Engro Fertilizers Limited (EFERT) has announced a comprehensive profit of Rs 6.52 billion for the first half of 2018, up by 59% compared to Rs 4.10 billion in the previous period last year.
Earnings per share (EPS) increased to Rs 4.88 compared to an EPS of Rs 3.07 in the period under review.
The increase in earnings is due to a rise in Urea and DAP prices. The results were in line with expectations, however, the Rs 4 cash dividend was a positive surprise.
The result was above the market expectations due to lower than estimated distribution and admin expenses and effective tax rate for the quarter.

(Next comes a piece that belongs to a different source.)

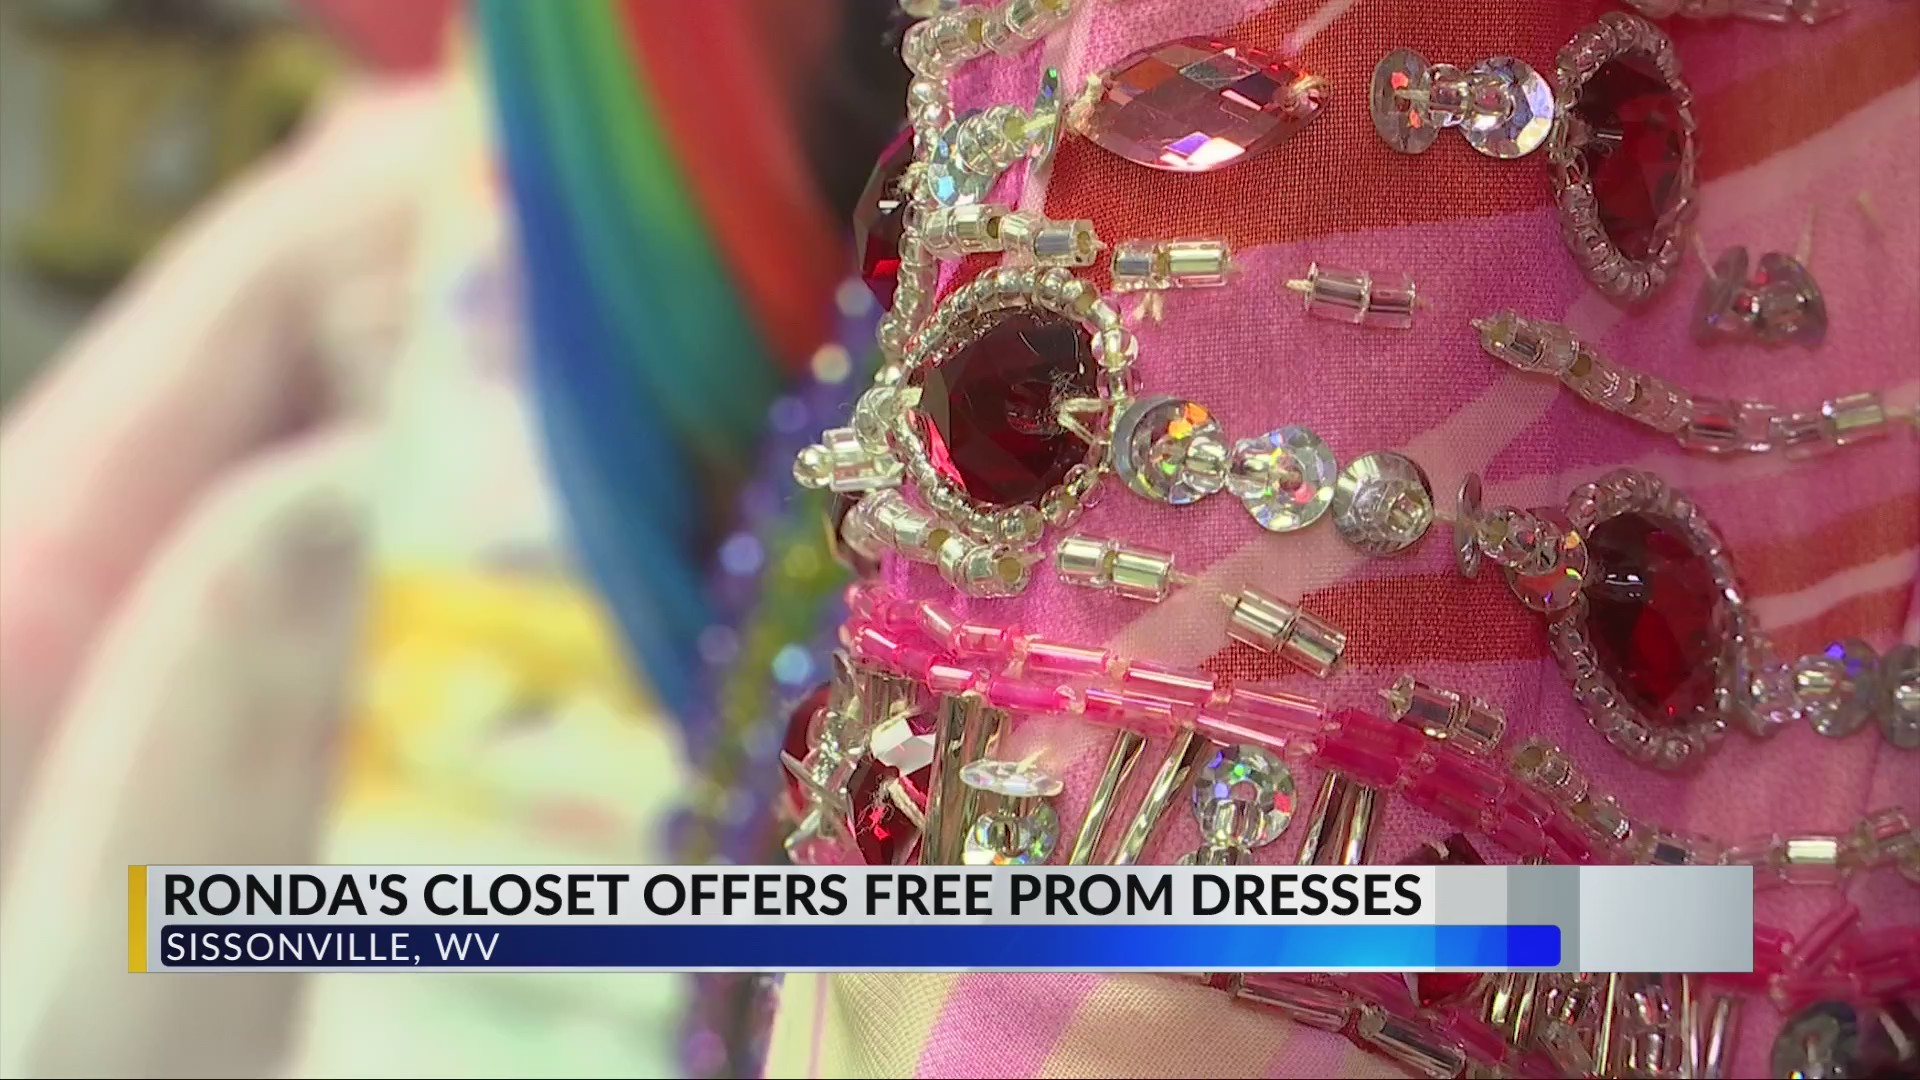 Ronda's Closet Offers Free Prom Dresses for Local Girls

The Top-line of the company augmented to Rs 30.14 billion in first half year versus Rs 27.31 billion during the same period last year. This increase in revenues is primarily attributable to higher Urea/DAP prices (+25%YoY/+82%YoY) coupled with improved pricing for both Urea/DAP (+3%YoY/ +20%YoY) as their Net Sales went up by 10.4%.
The gross margins of EFERT improved by a meager 2.0pps, to Rs 11.95 billion, up by 37.25% during H1CY18 as compared to Rs 8.7 billion in the corresponding period last year. An increment in margins was mainly due to the improved retention levels on both urea & DAP.
Furthermore, the company’s Other Income dropped by 39% while Finance cost reduced by 32%.
EFERT’s script at the bourse was trading at Rs 80.50, down by Rs 0.92 with a turnover of 3.42 million shares.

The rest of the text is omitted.